··· Dataset ···

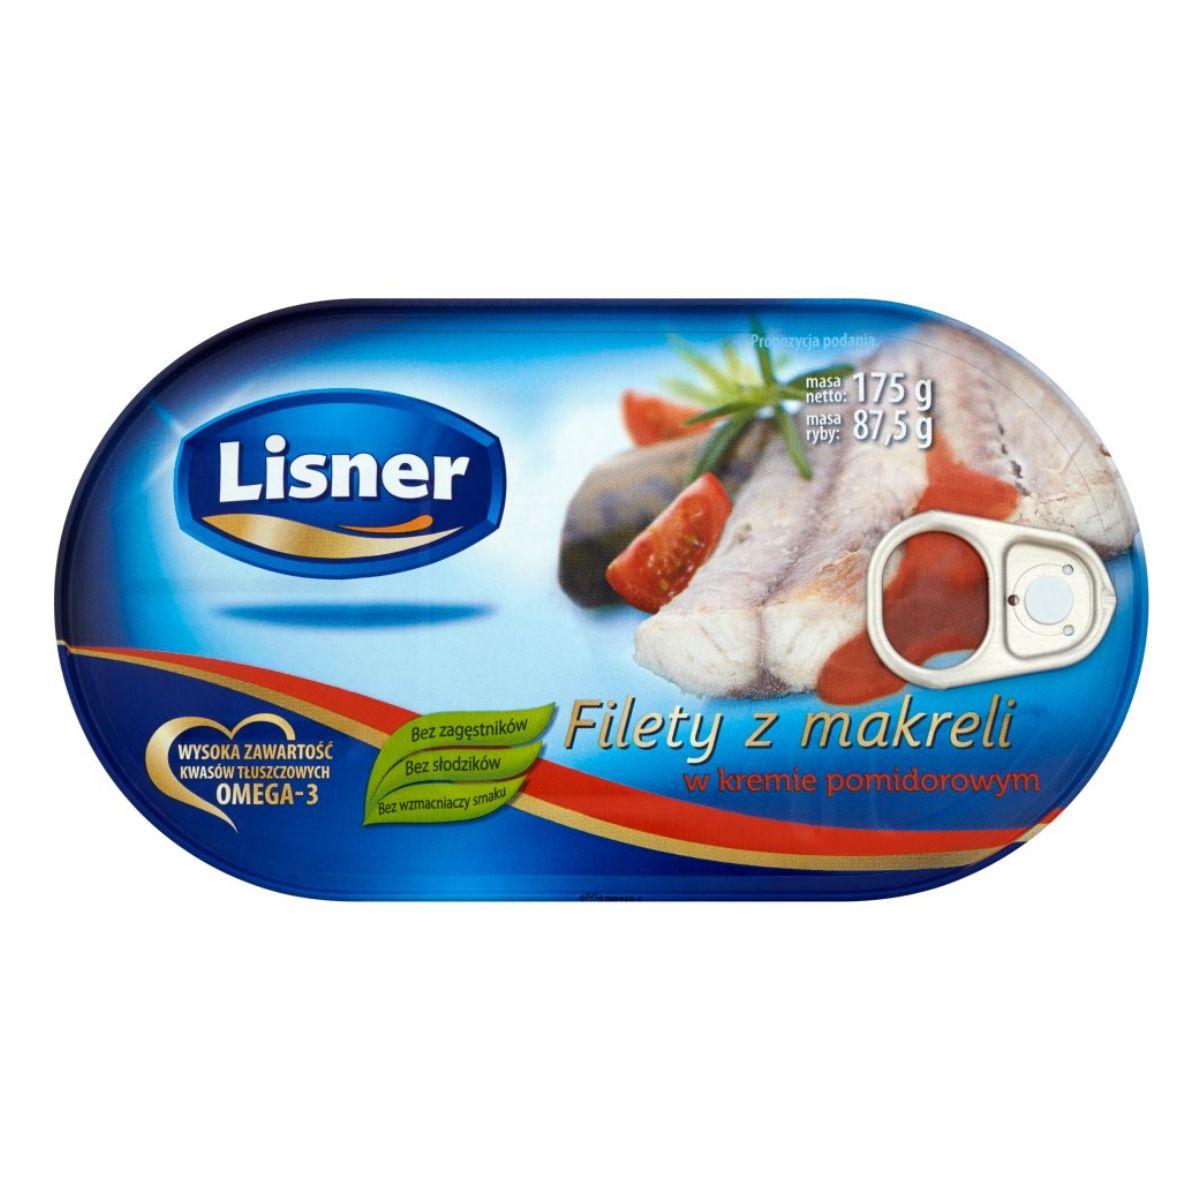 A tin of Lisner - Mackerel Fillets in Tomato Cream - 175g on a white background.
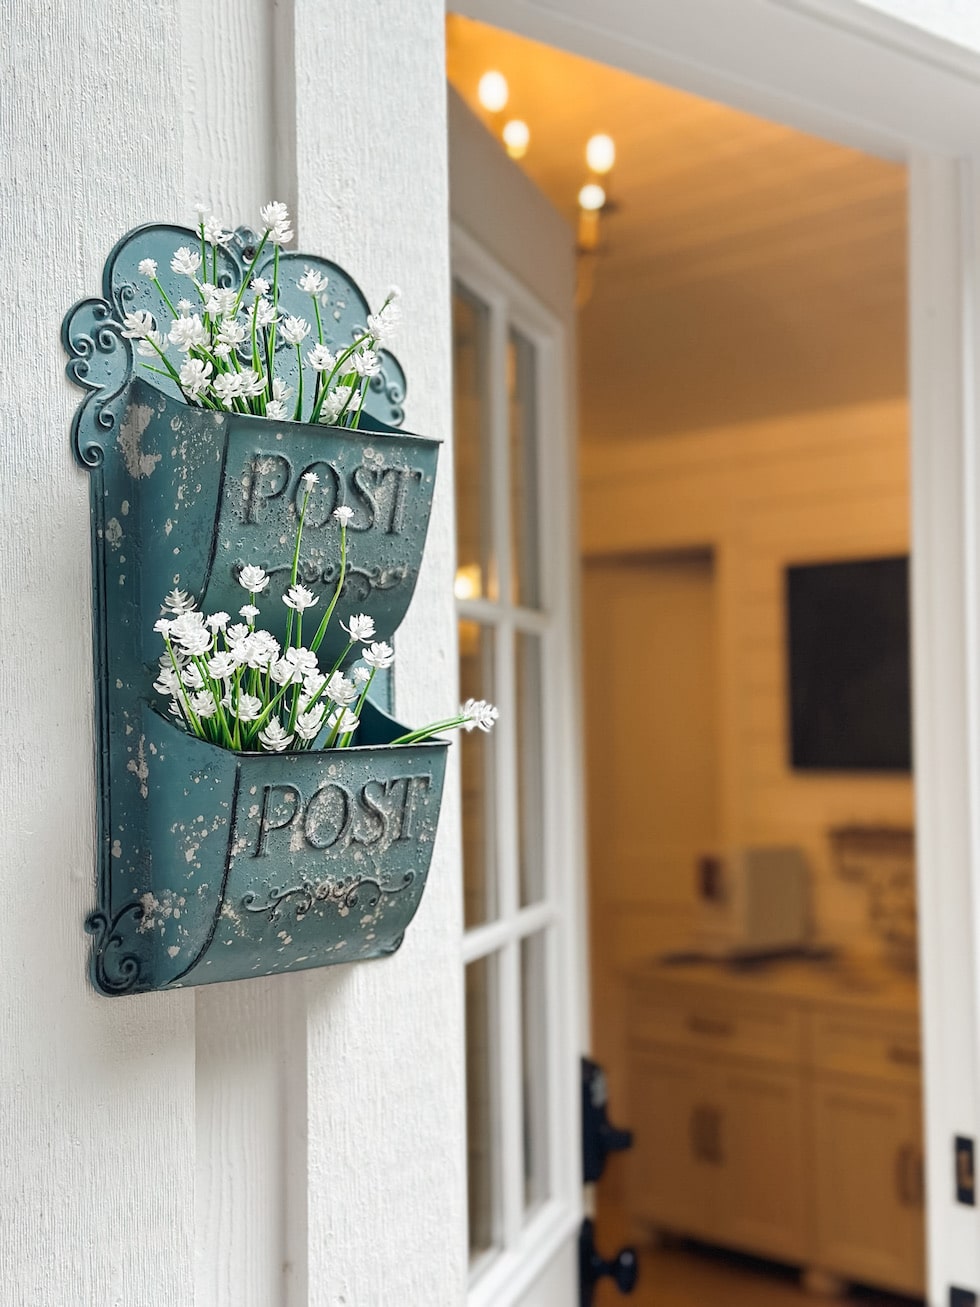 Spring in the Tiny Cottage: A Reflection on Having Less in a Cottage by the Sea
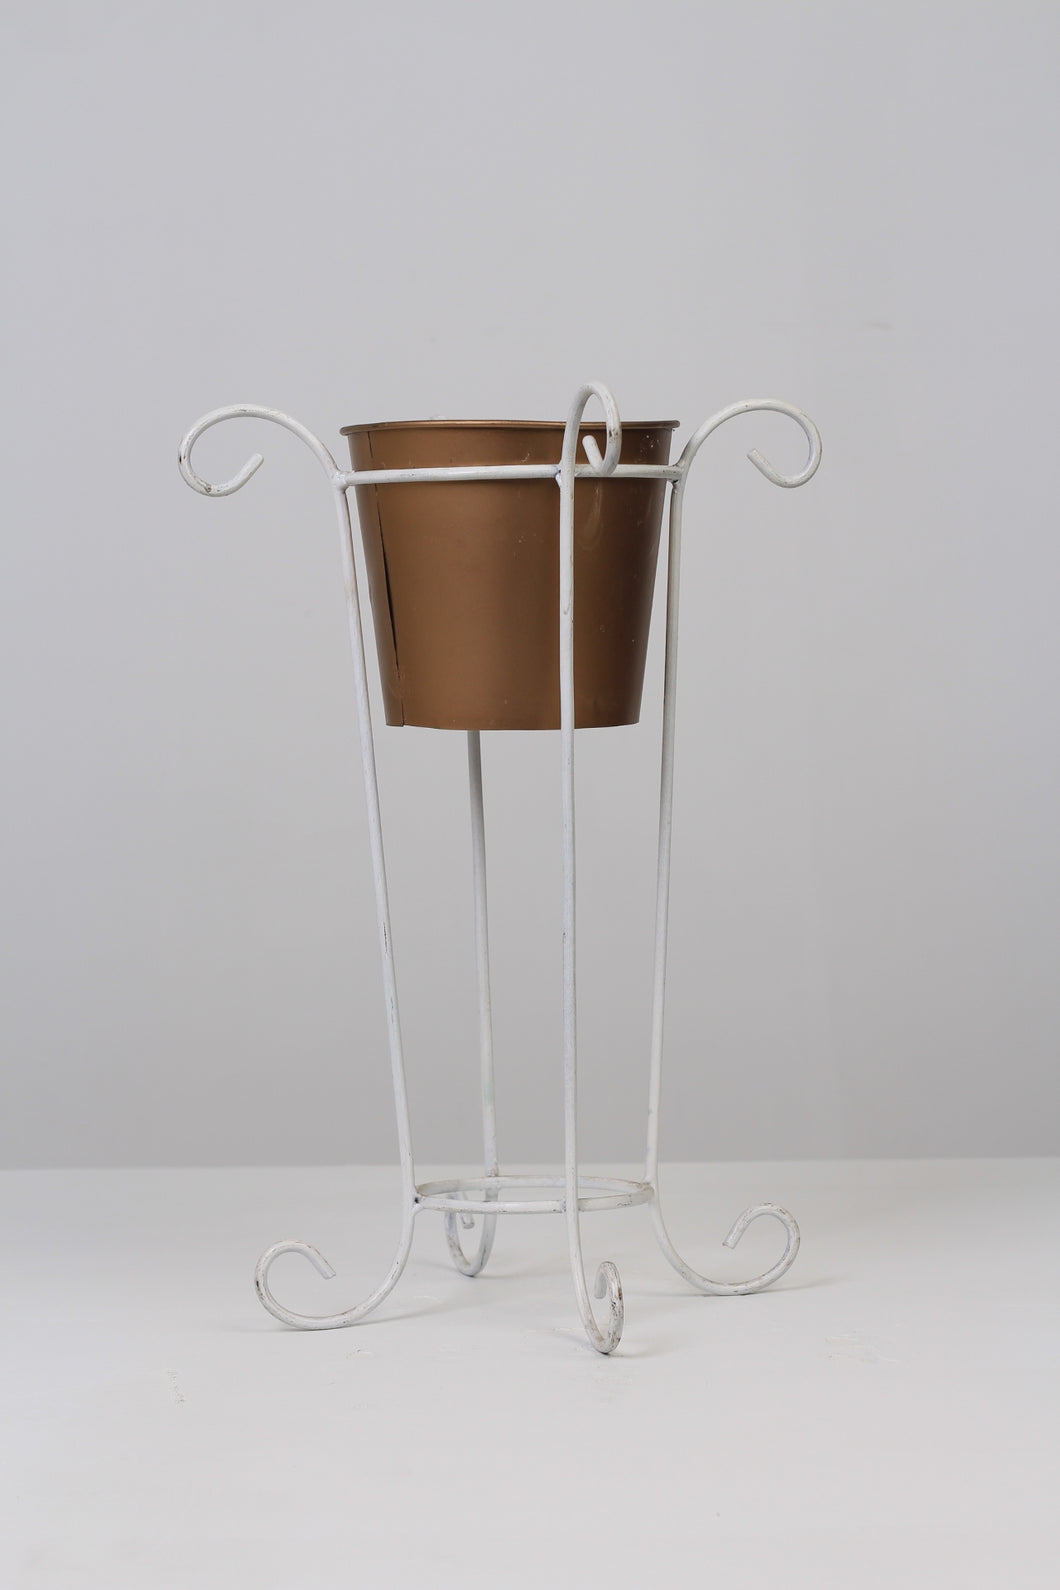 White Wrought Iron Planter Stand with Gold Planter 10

···
··· Dataset ···

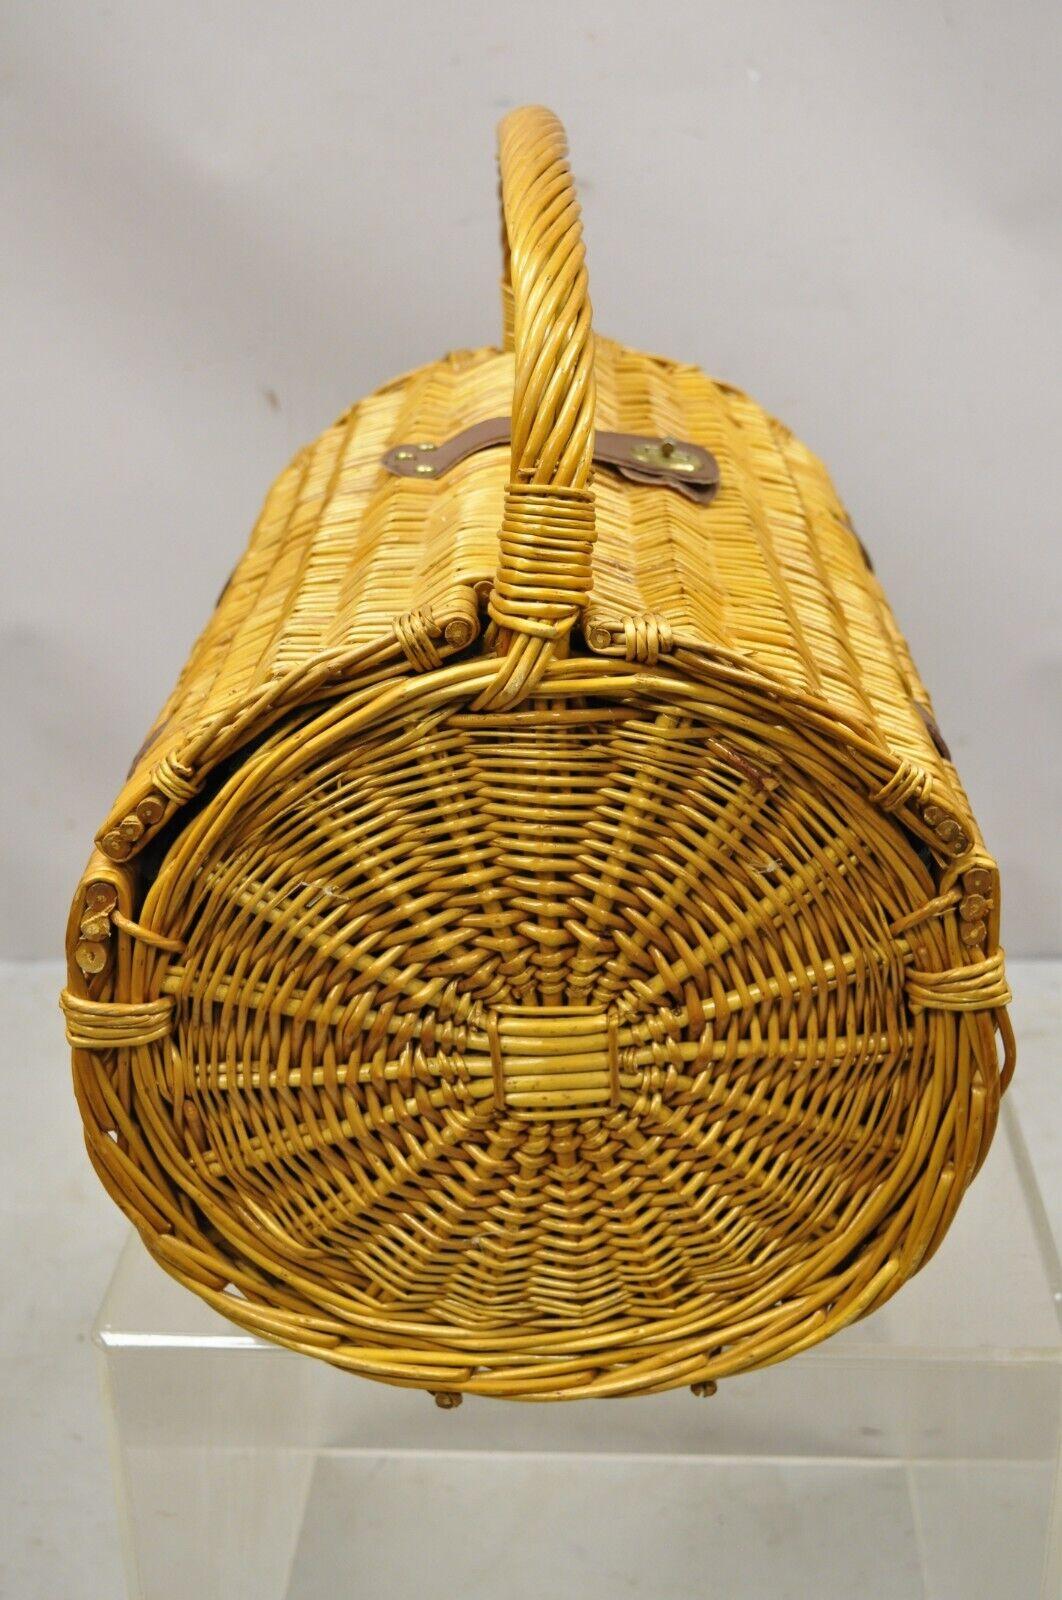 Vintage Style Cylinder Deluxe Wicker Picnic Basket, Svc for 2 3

···
··· Dataset ···

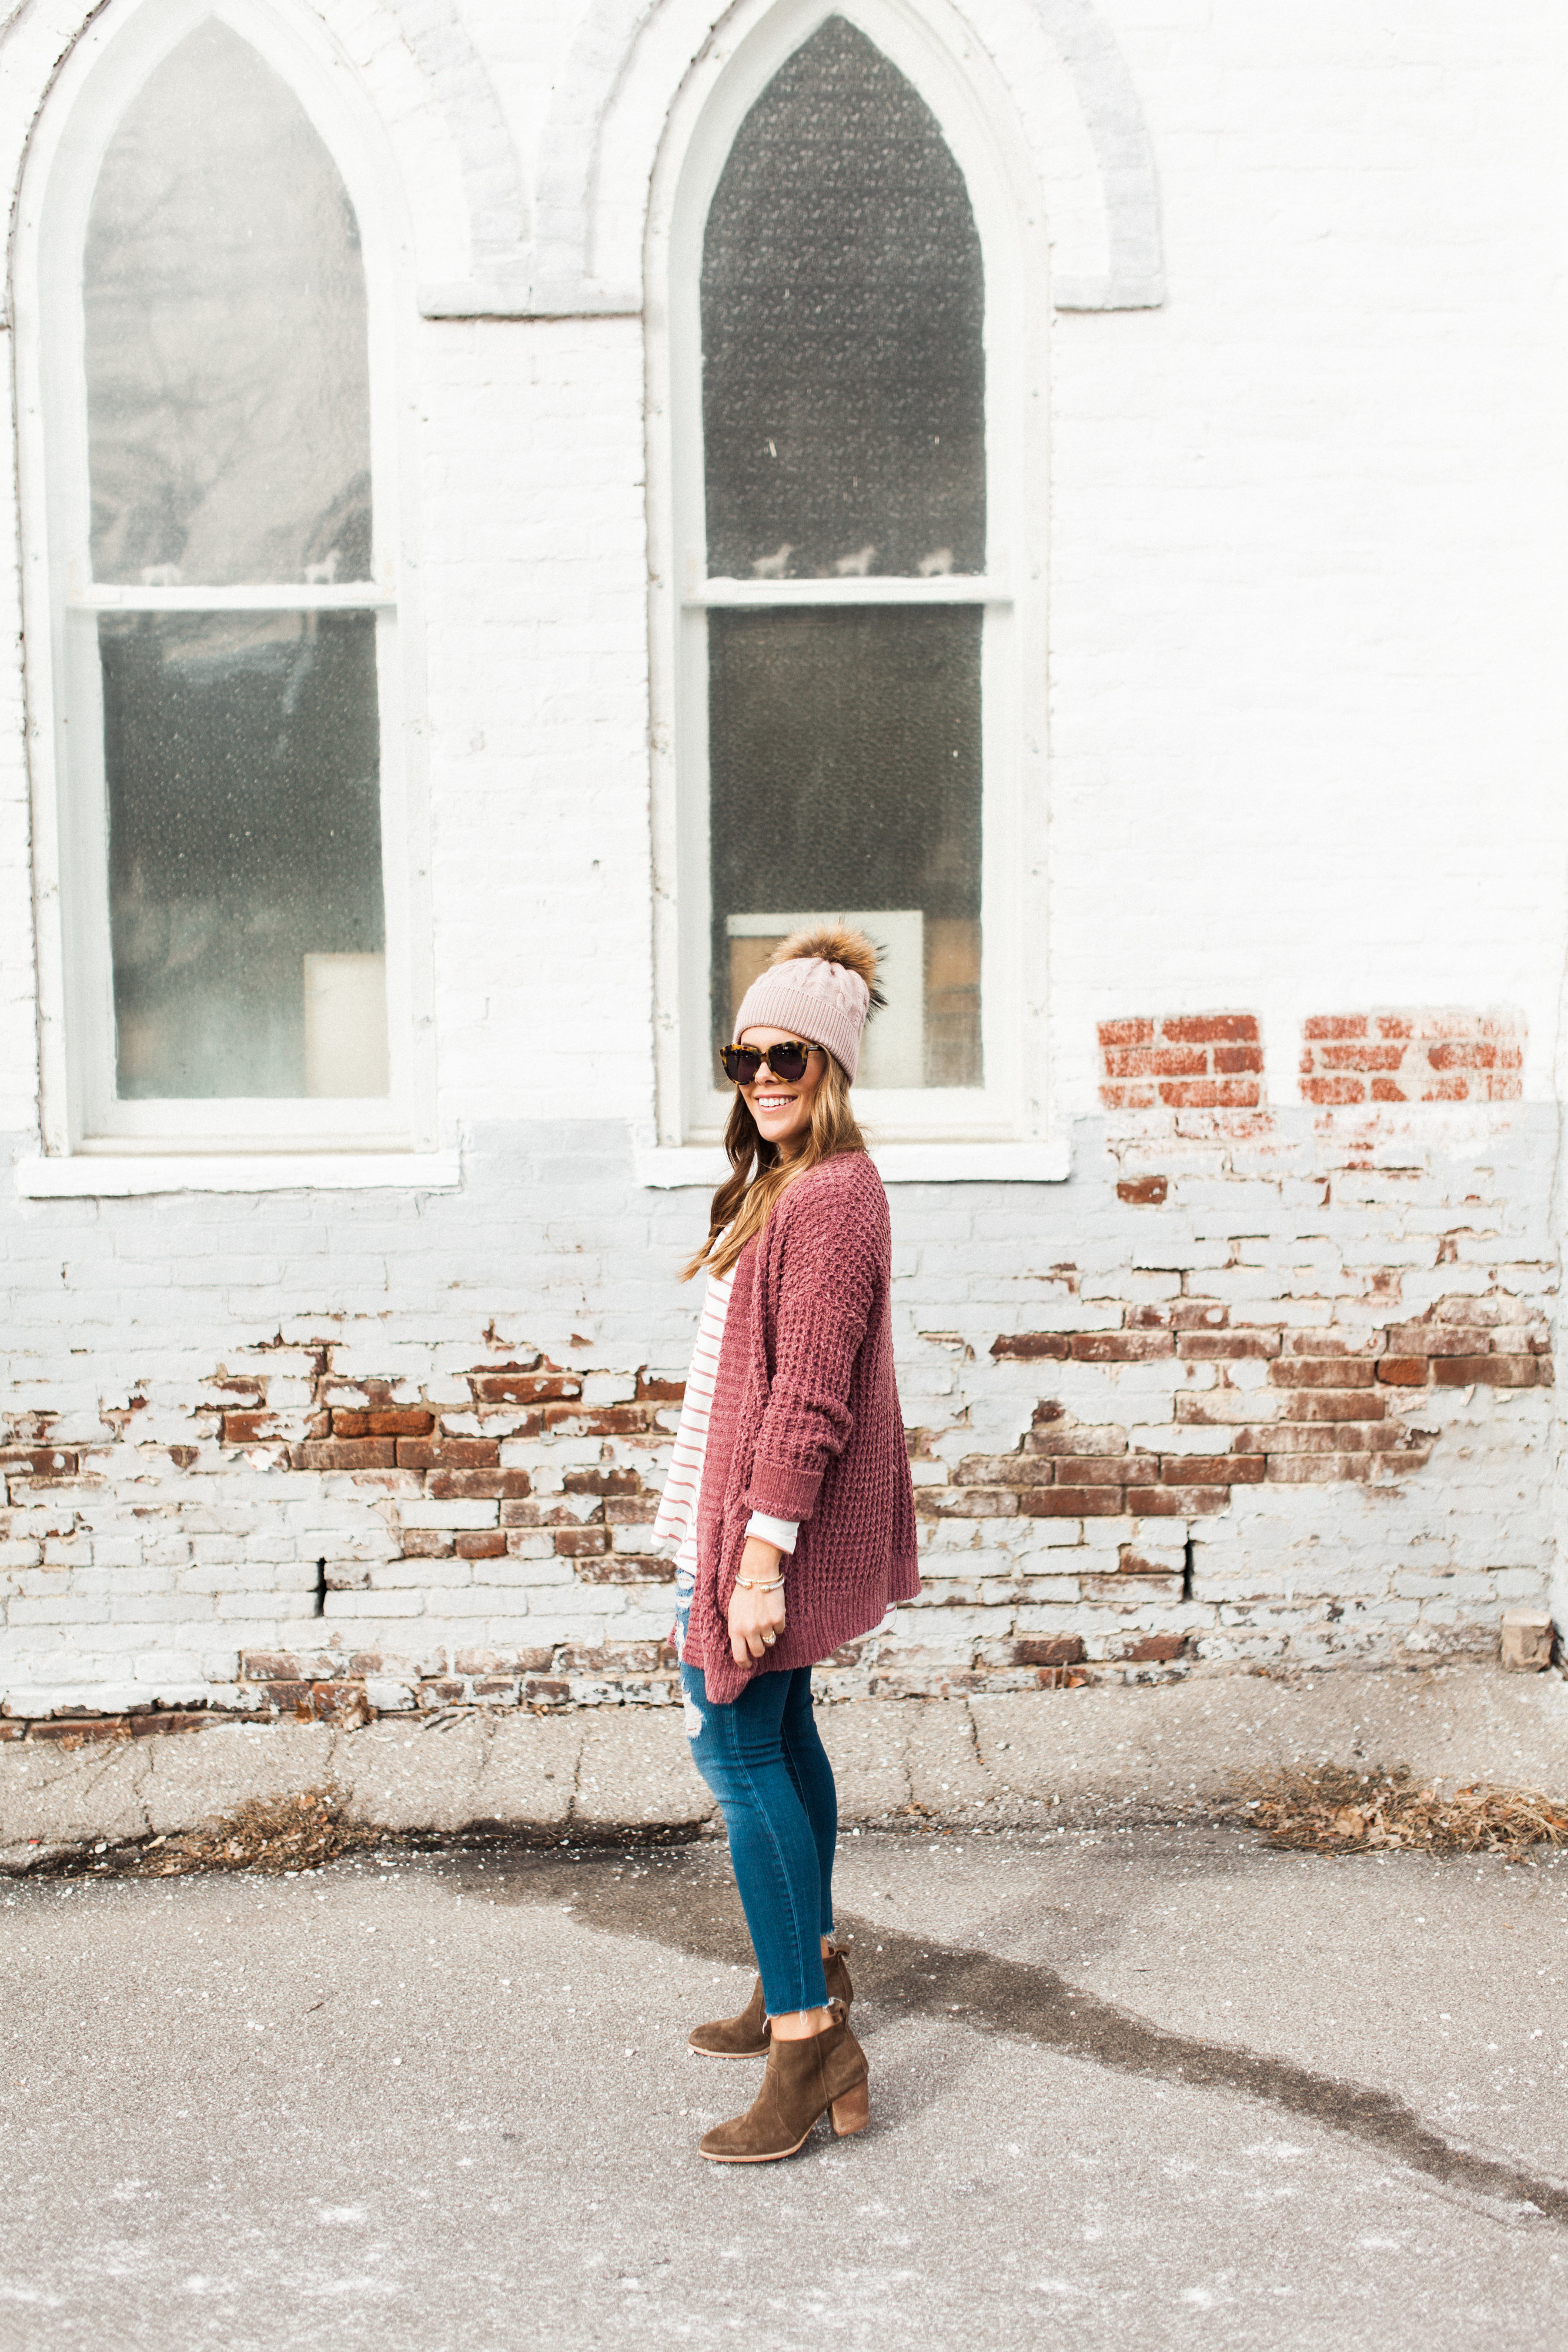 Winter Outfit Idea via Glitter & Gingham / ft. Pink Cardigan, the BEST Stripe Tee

···

Problem details:
Set down, exactly as written above, each line from the one with "A tin of Lisner" through the one with "White Wrought Iron", and skip the pictures.

Response:
 A tin of Lisner - Mackerel Fillets in Tomato Cream - 175g on a white background.
 Spring in the Tiny Cottage: A Reflection on Having Less in a Cottage by the Sea
 White Wrought Iron Planter Stand with Gold Planter 10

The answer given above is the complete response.